Here's my configuration.

expname = mydata_test
basedir = ./logs
datadir = ./data/nerf_llff_data/mydata
dataset_type = llff

factor = 8
llffhold = 8

N_rand = 1024
N_samples = 64
N_importance = 64

use_viewdirs = True
raw_noise_std = 1e0

May 19 '21 02:05 m1kit

Maybe this can be fixed by adding eps here?

May 19 '21 02:05 m1kit

Have the same issue here, Any solutions?

Sep 22 '21 09:09 xiaohulihutu

Maybe this can be fixed by adding eps here? Sorry sir, what is eps?

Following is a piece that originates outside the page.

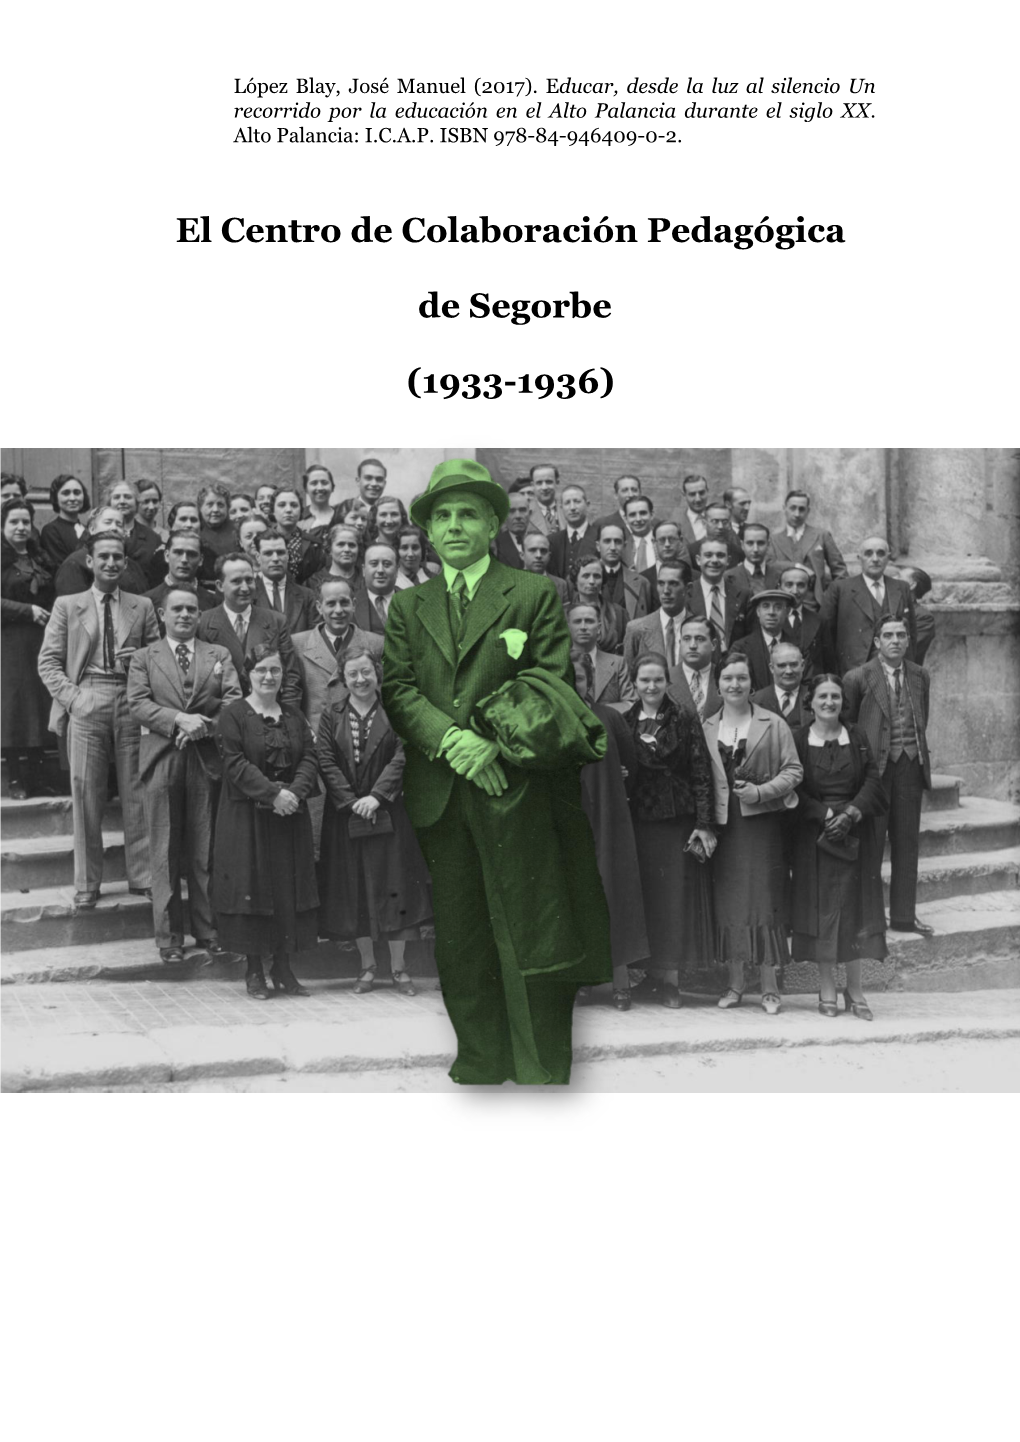 El Centro De Colaboración Pedagógica De Segorbe (Castellón) Que Debió De Funcionar Desde La Primavera De 1934 Hasta La De 1936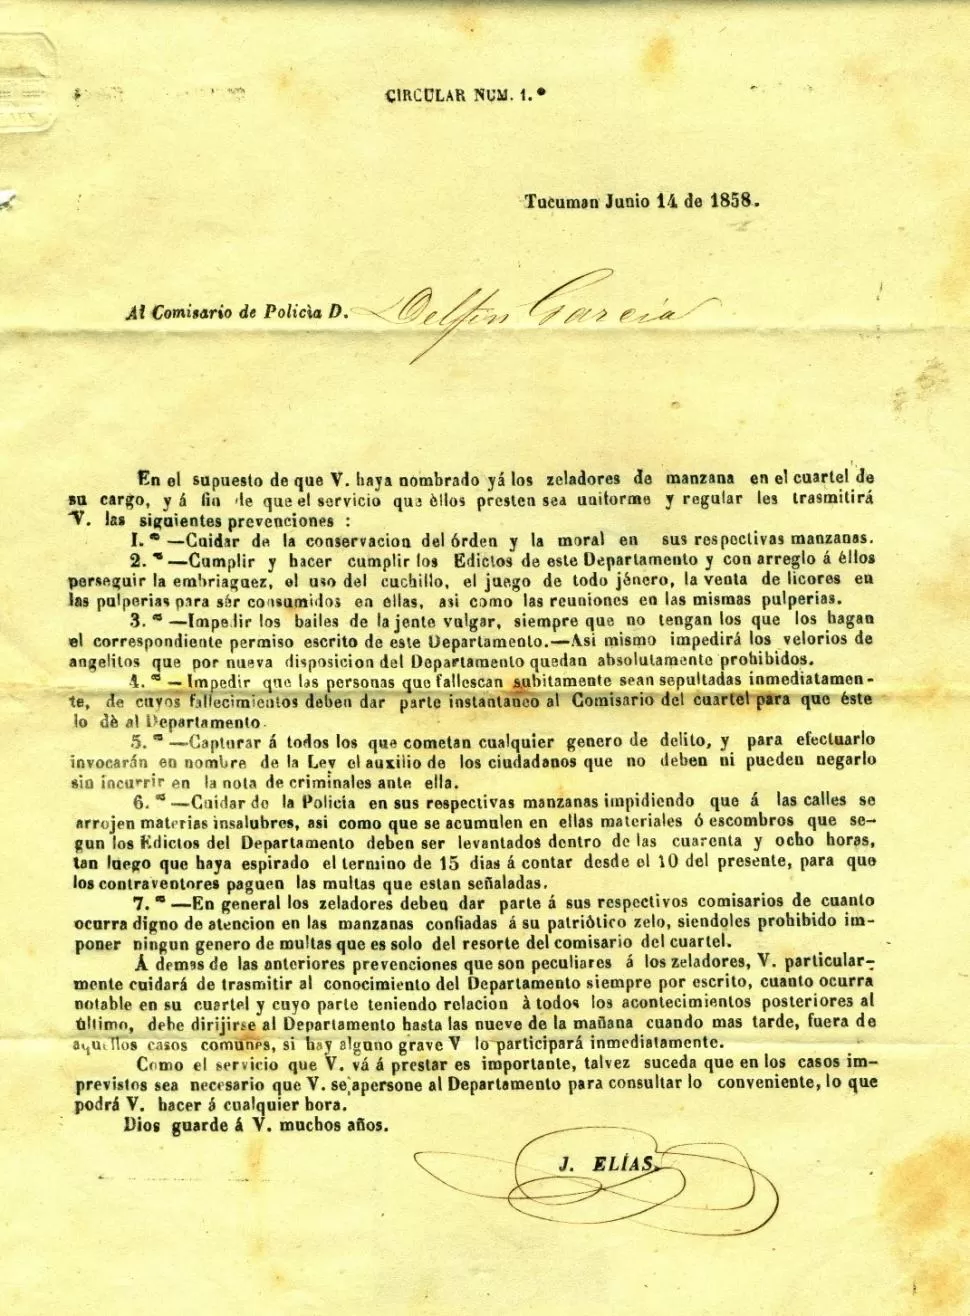 CIRCULAR DE 1858. En hoja suelta y dirigida a los comisarios, se imprimió la reglamentación del jefe de Policía respecto a los celadores. LA GACETA / ARCHIVO

Sep 22 '21 09:09 xiaohulihutu

eps means epsilon ε. it means very small value like 0.0000001

Sep 23 '21 18:09 m1kit

Do you have code to reproduce the error?

Sep 23 '21 19:09 yenchenlin

I saw m1kit was testing his own set and my error popped up when I was training my own set. I used Colmap to get the camera position info and it can run like 20k iterations, but it will stop randomly at a point saying RuntimeError: Function 'PowBackward0' returned nan values in its 0th output.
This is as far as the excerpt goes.